Chemotherapy: Activity During Treatment
You may have questions about how chemotherapy (chemo) could affect your daily activities . Here are some answers to common questions, and some of the adjustments you may need to make.
Will I still be able to work?
Many people do still work during chemo. If you find you have less energy, you may need to talk with your employer about adjusting your schedule. For instance, it may help if you:
|Working from home may be an option.
Should I exercise?
Ask your healthcare provider about starting exercise. It may help you sleep better. It can sometimes even help balance your appetite. It's also good for your sense of well-being. Make sure to:
Exercise when you feel most energetic.
Build your level of activity slowly, even if you were active before treatment.
Keep the pace moderate. Even small amounts of exercise can help. Instead of jogging, walk or ride a stationary bike.
Drink fluids to stay well-hydrated. And eat nutritious foods.
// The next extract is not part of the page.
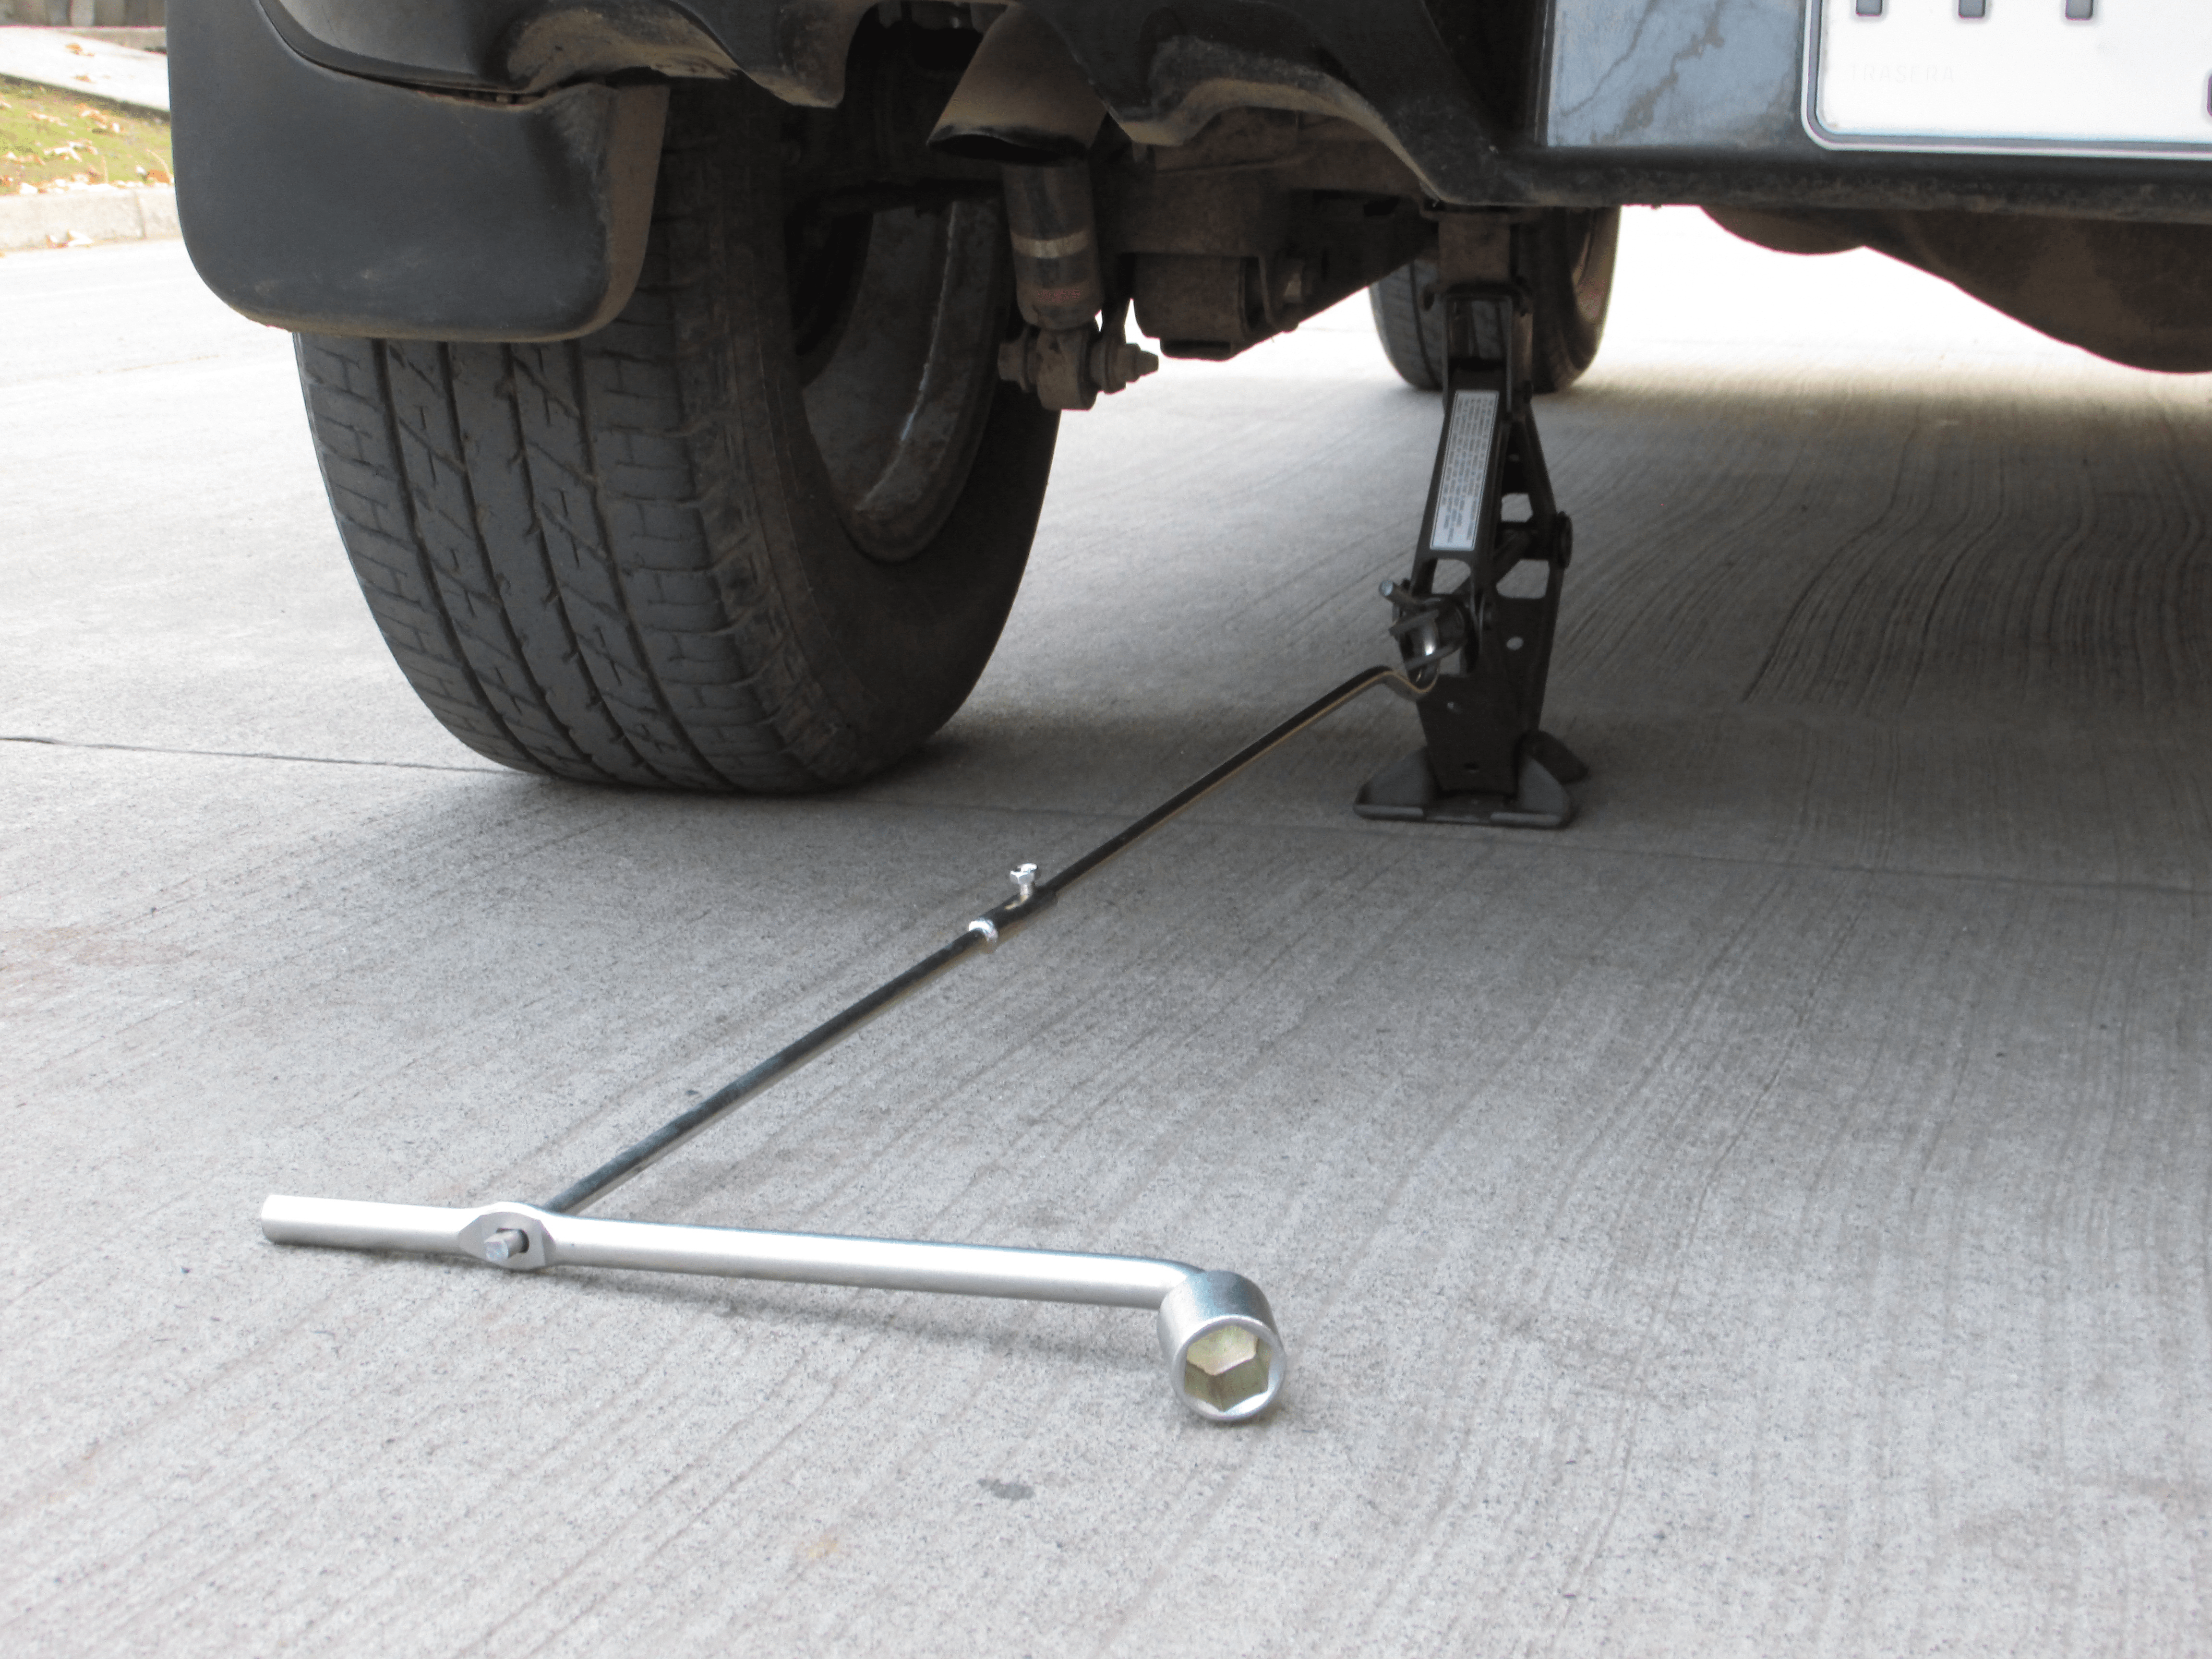 Cambiar neumático, cómo usar la gata
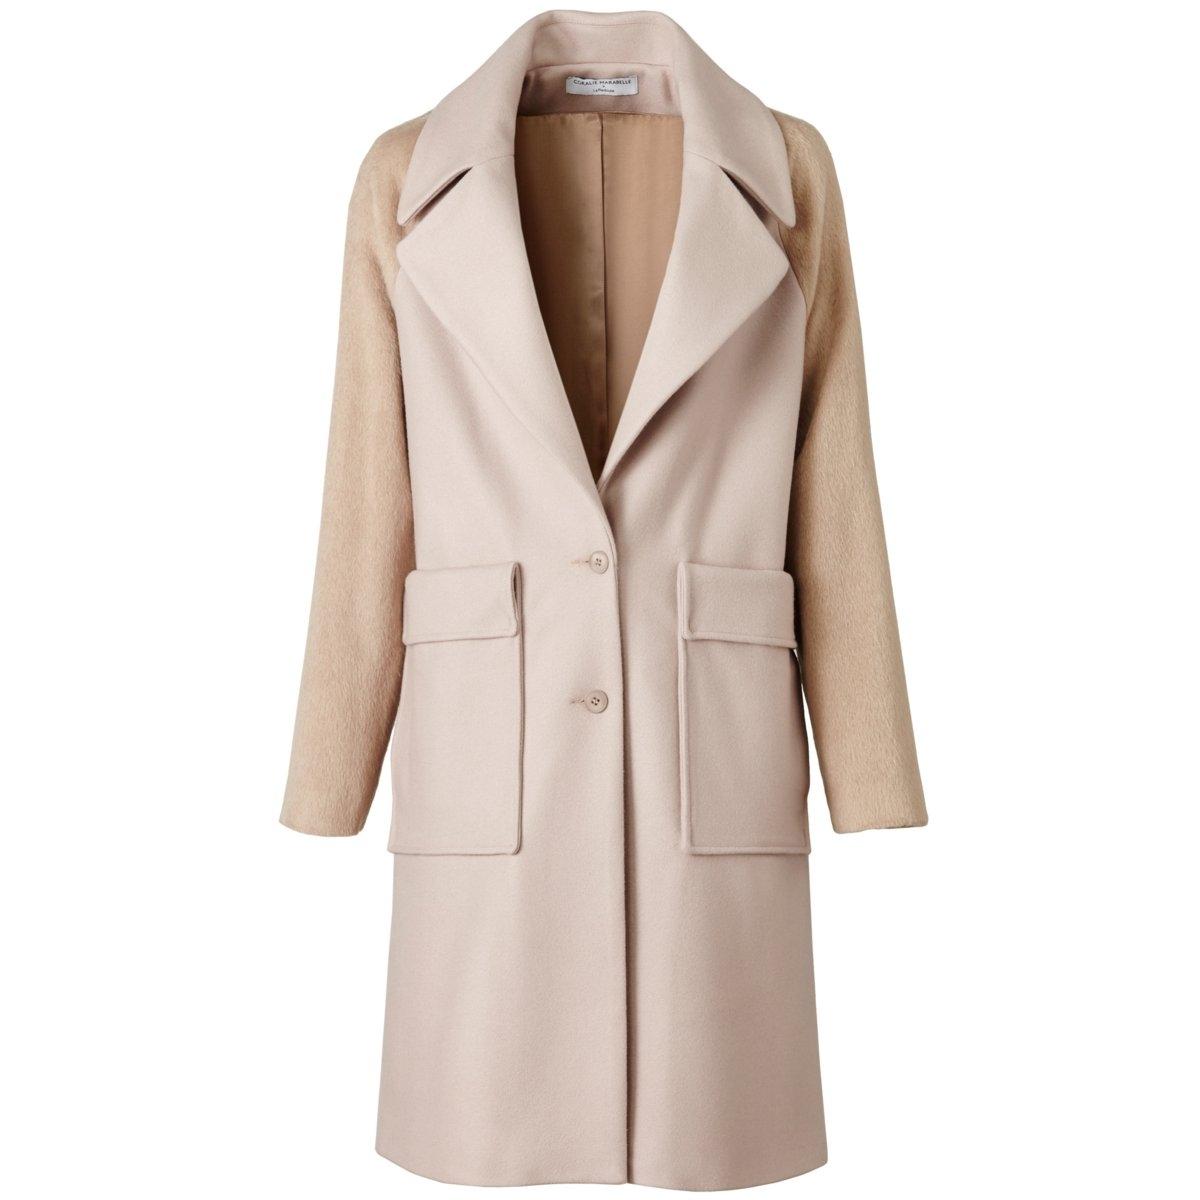 Пальто прямого покроя<br><br>Цвет: темно-бежевый,черный<br>Размер: 40 (FR) - 46 (RUS).44 (FR) - 50 (RUS).40 (FR) - 46 (RUS).38 (FR) - 44 (RUS)

Will chemo affect my sex life?
Chemo can cause sexual changes in men and women, such as:
Changes in your desire to have sex. Hugging and cuddling may seem more important now.
Short-term or lasting (permanent) infertility. Talk with your healthcare provider if you plan to have children. Men may want to bank, or freeze, sperm before starting chemo. There are fertility-preserving options for women as well. Talk with your healthcare team before you start treatment.
Need for birth control. Most chemo medicines can cause birth defects if taken during pregnancy. Chemo can also cause damage to sperm. Ask your healthcare provider if you need to use birth control during treatment.